* TASK DIRECTIONS: Write out the lines below exactly, beginning at the one with "C5 + MATT METALLIC" and stopping after the one with "Elegante lámpara colgante Rondo de 20 cm"; the pictures are not copied.

* RECORDS SUPPLIED:
• • • • • • •

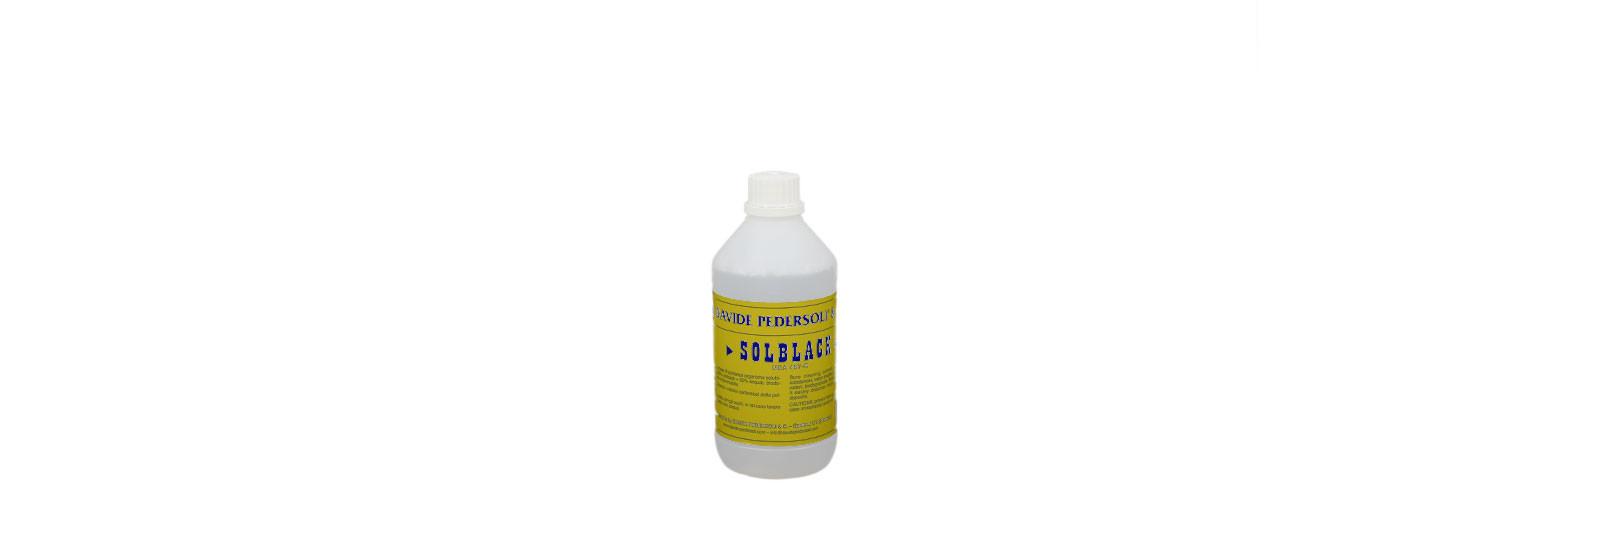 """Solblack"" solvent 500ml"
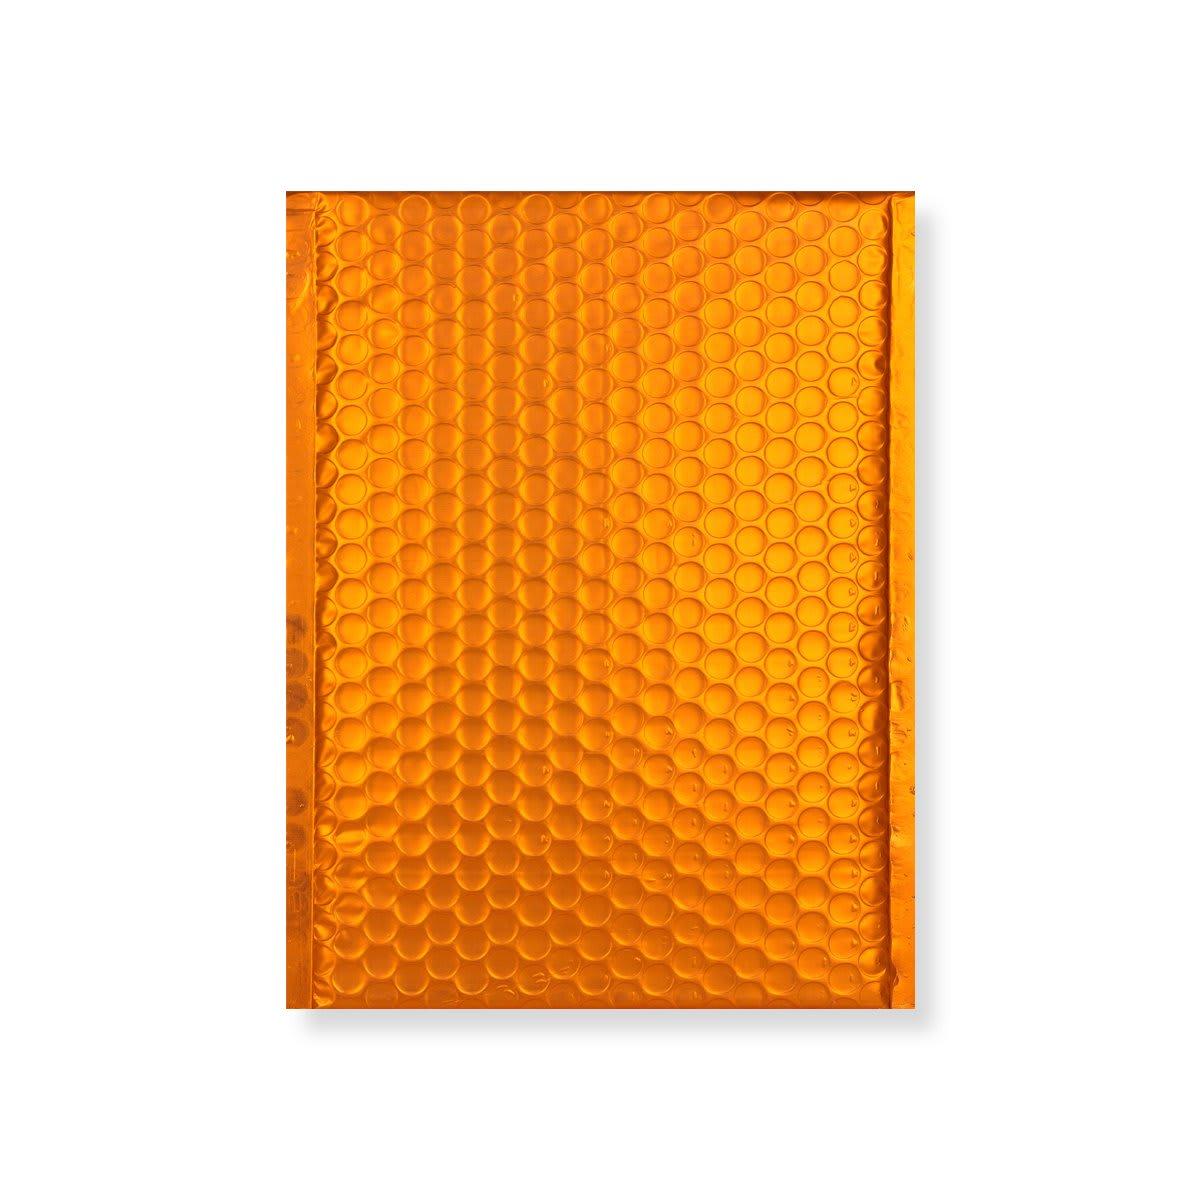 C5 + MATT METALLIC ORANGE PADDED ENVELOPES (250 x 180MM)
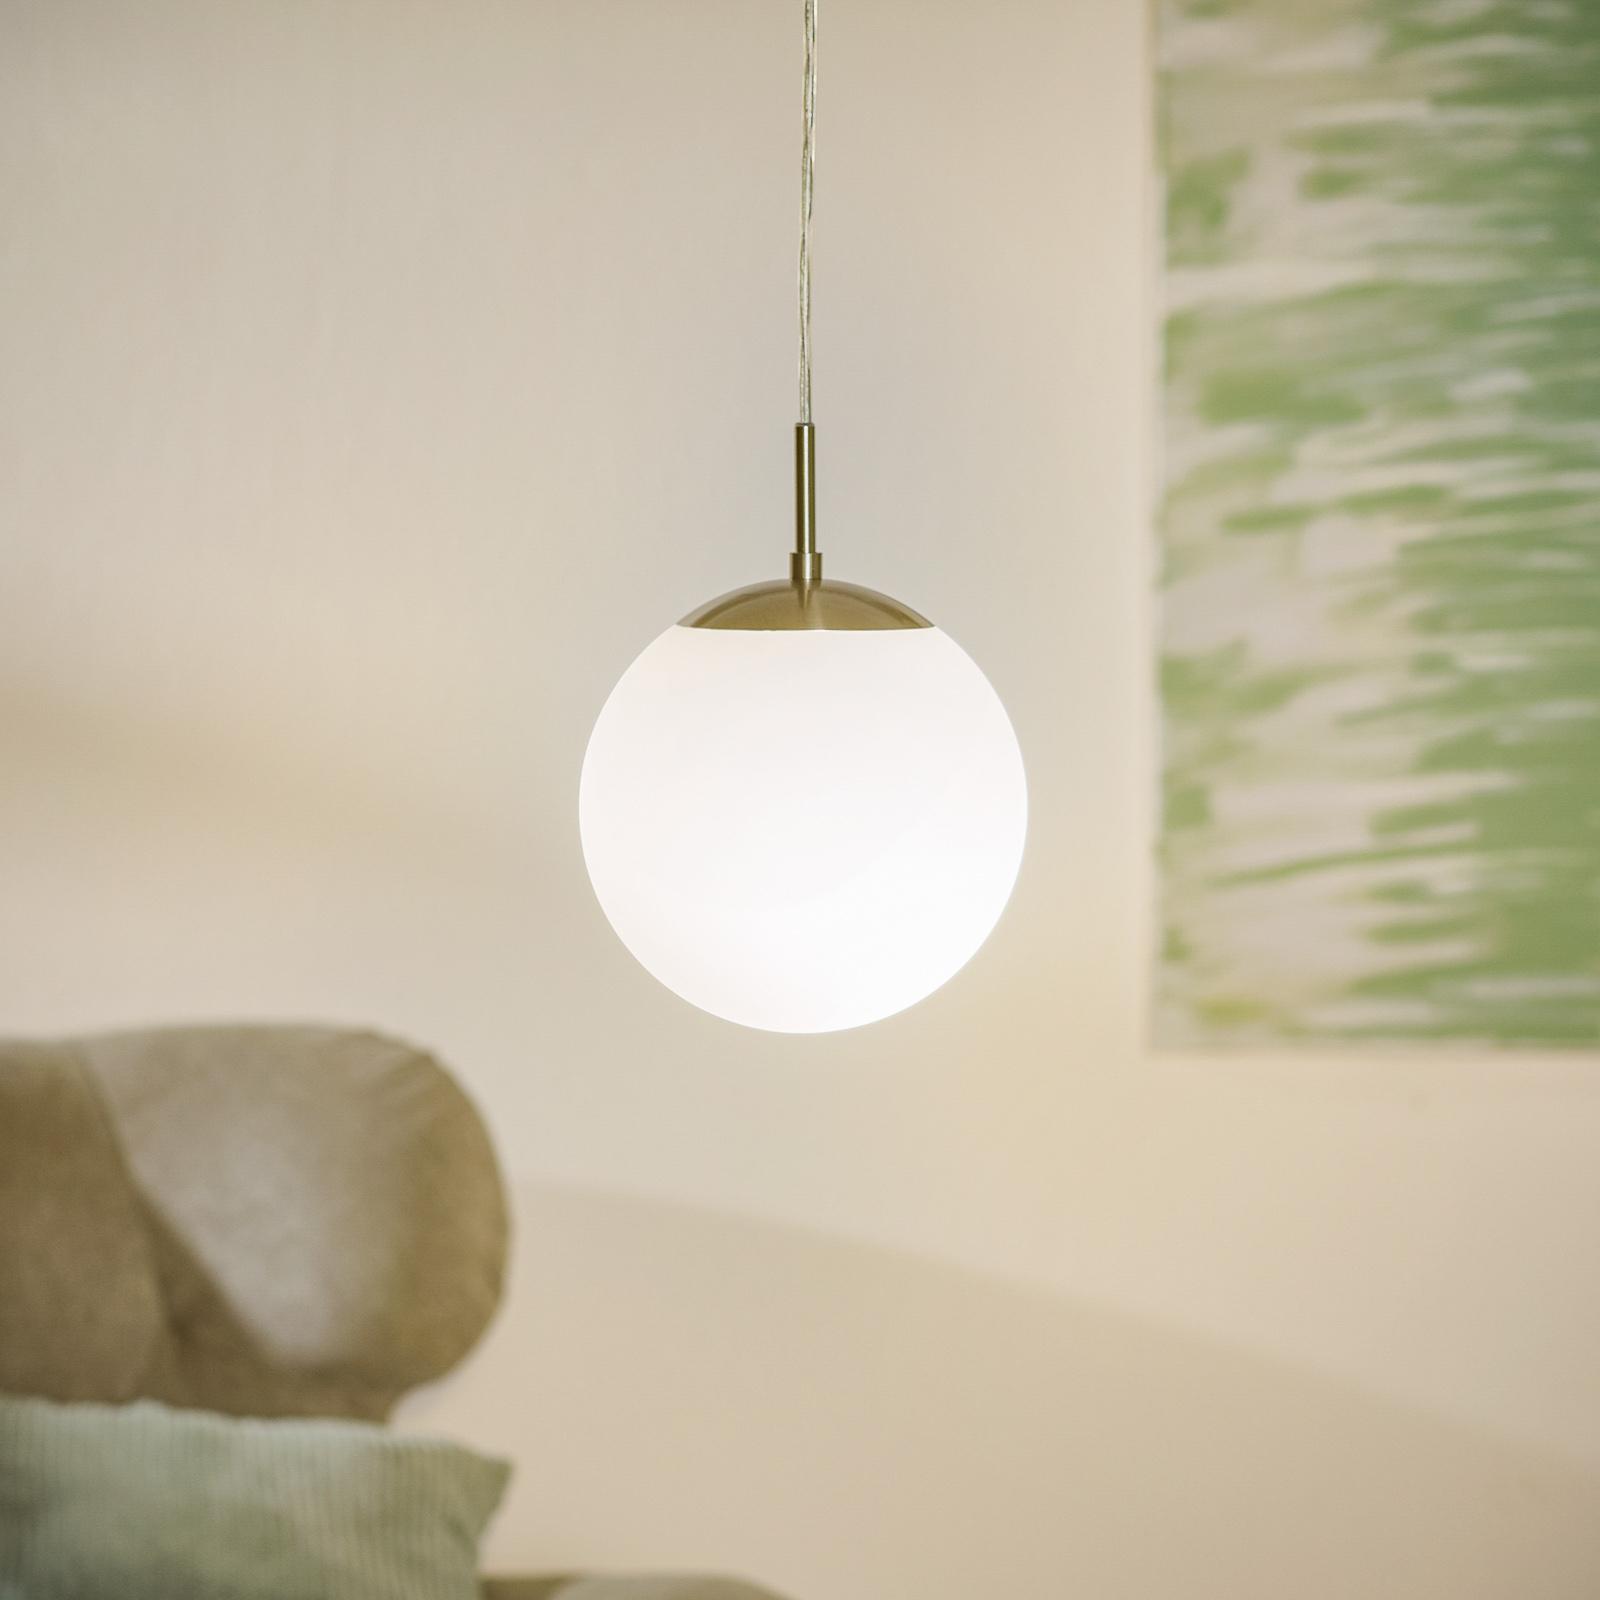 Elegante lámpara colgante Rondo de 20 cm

• • • • • • •

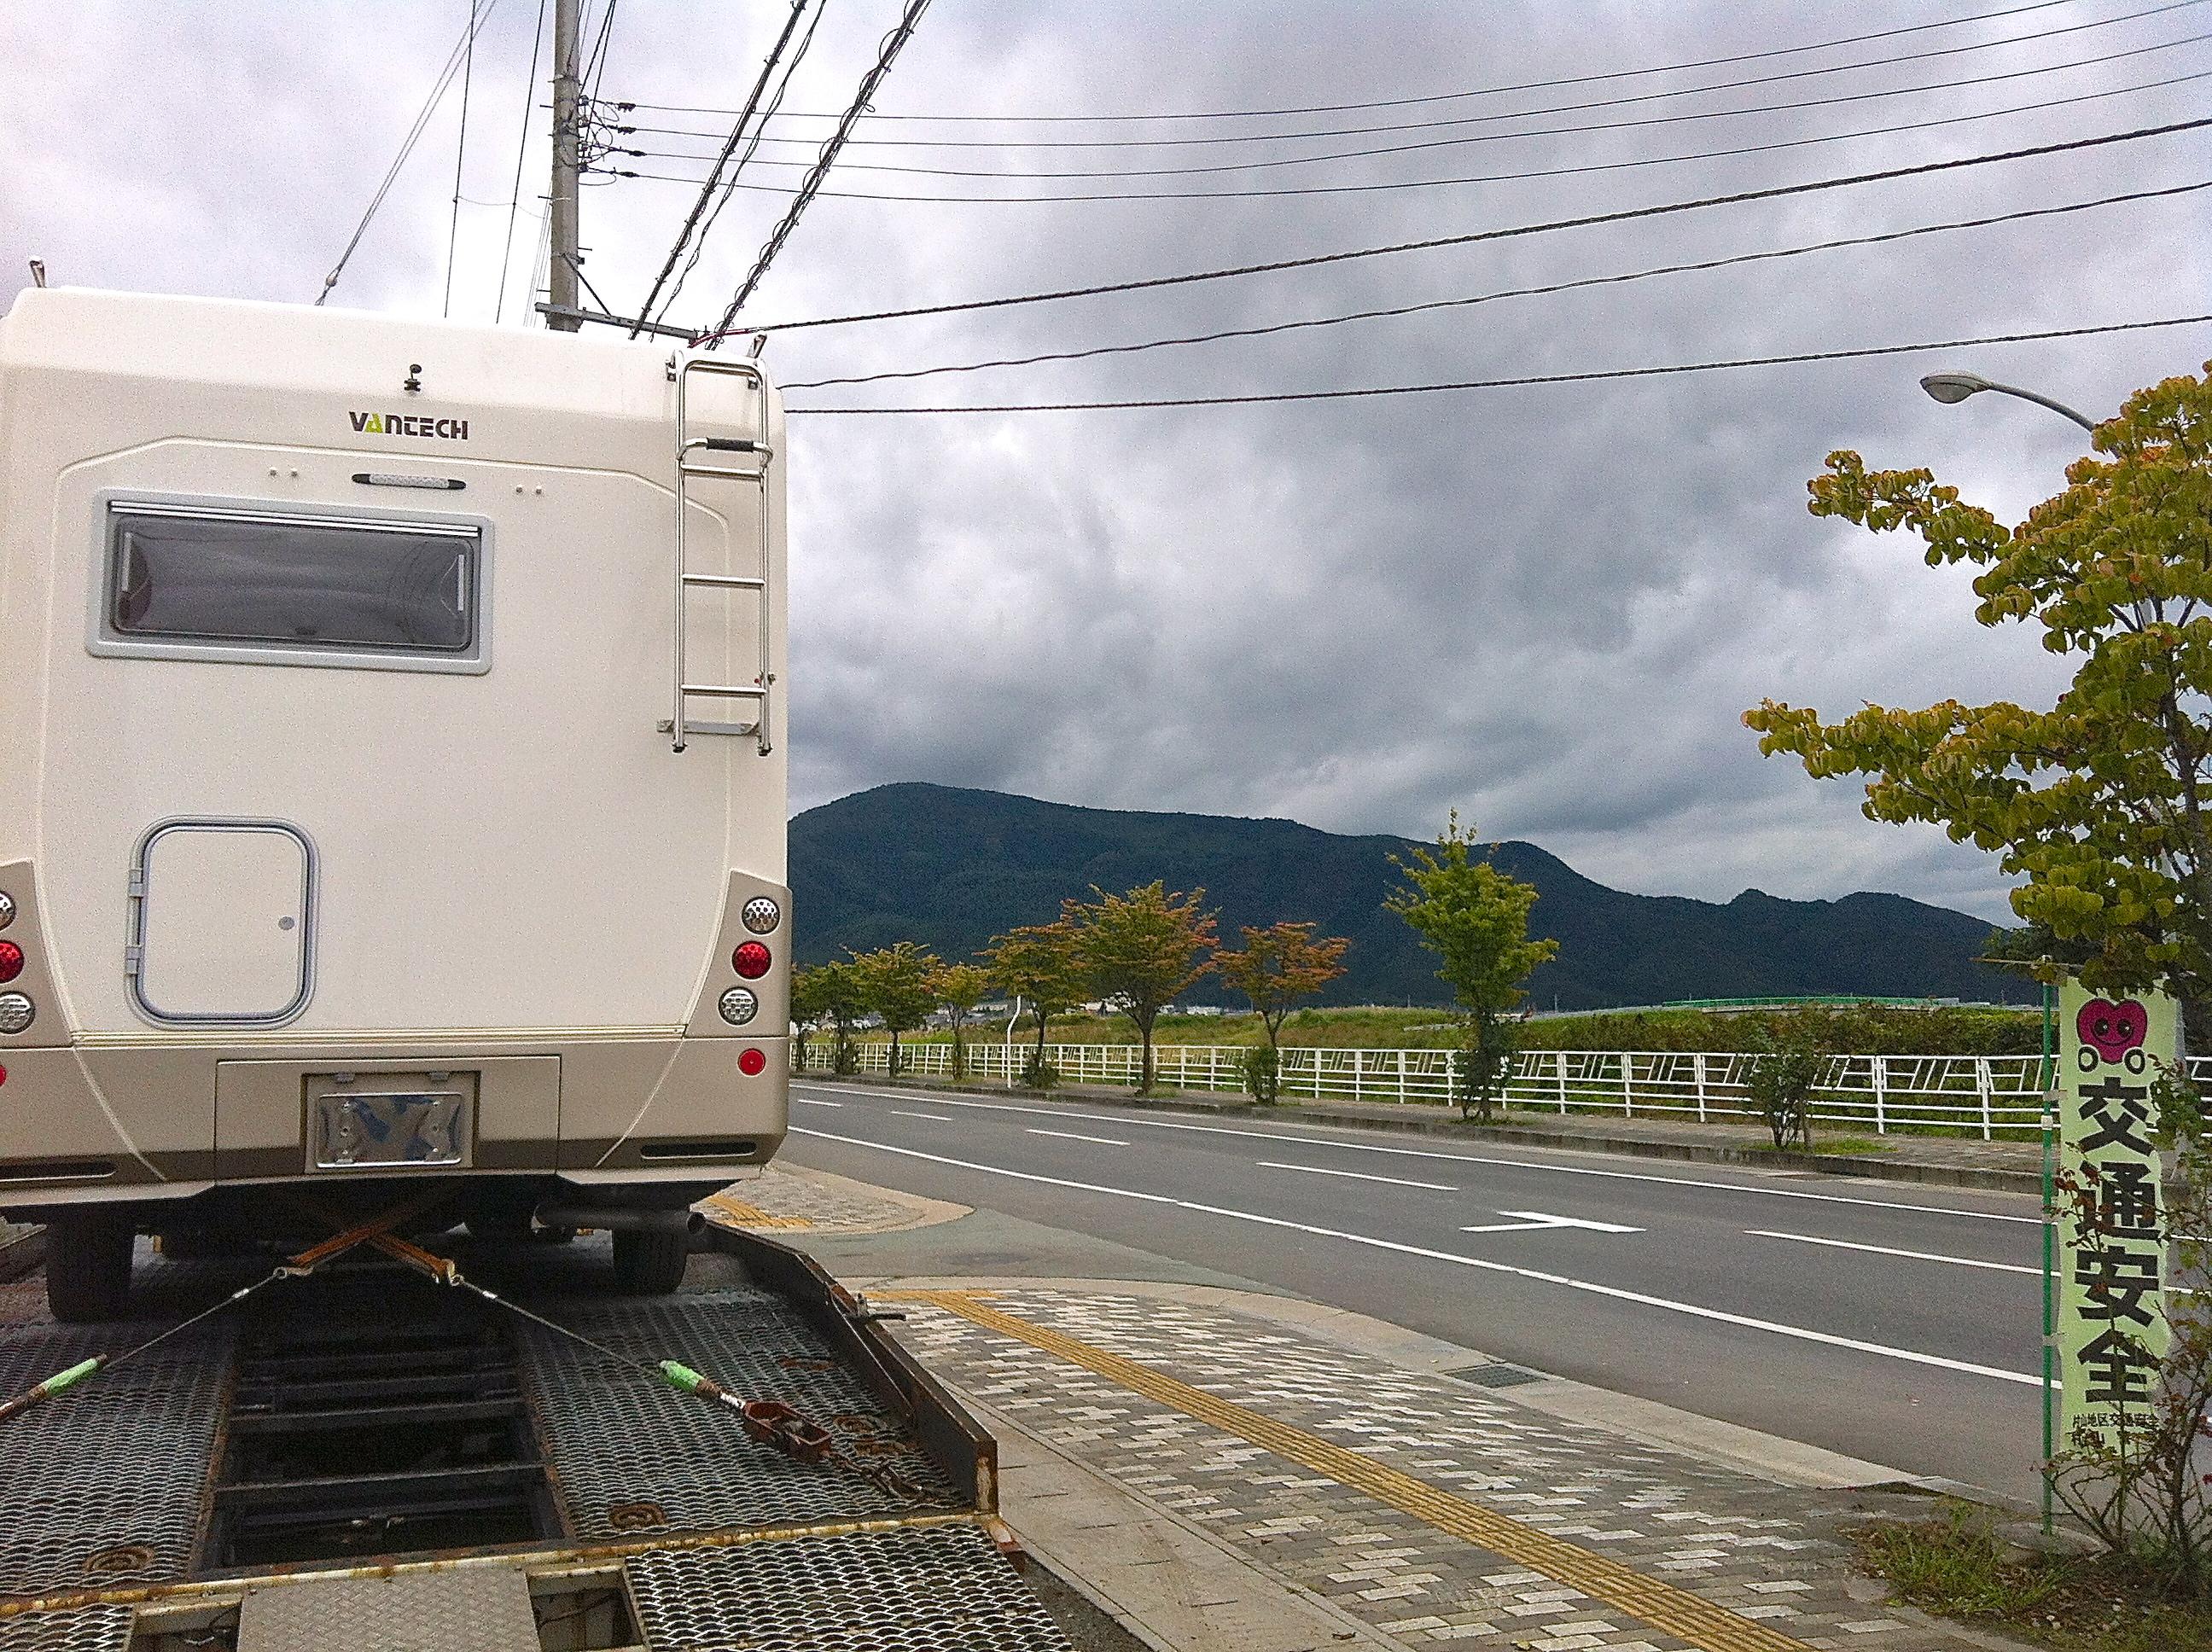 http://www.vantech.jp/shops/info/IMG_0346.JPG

• • • • • • •

* TASK OUTPUT:
 C5 + MATT METALLIC ORANGE PADDED ENVELOPES (250 x 180MM)
 Elegante lámpara colgante Rondo de 20 cm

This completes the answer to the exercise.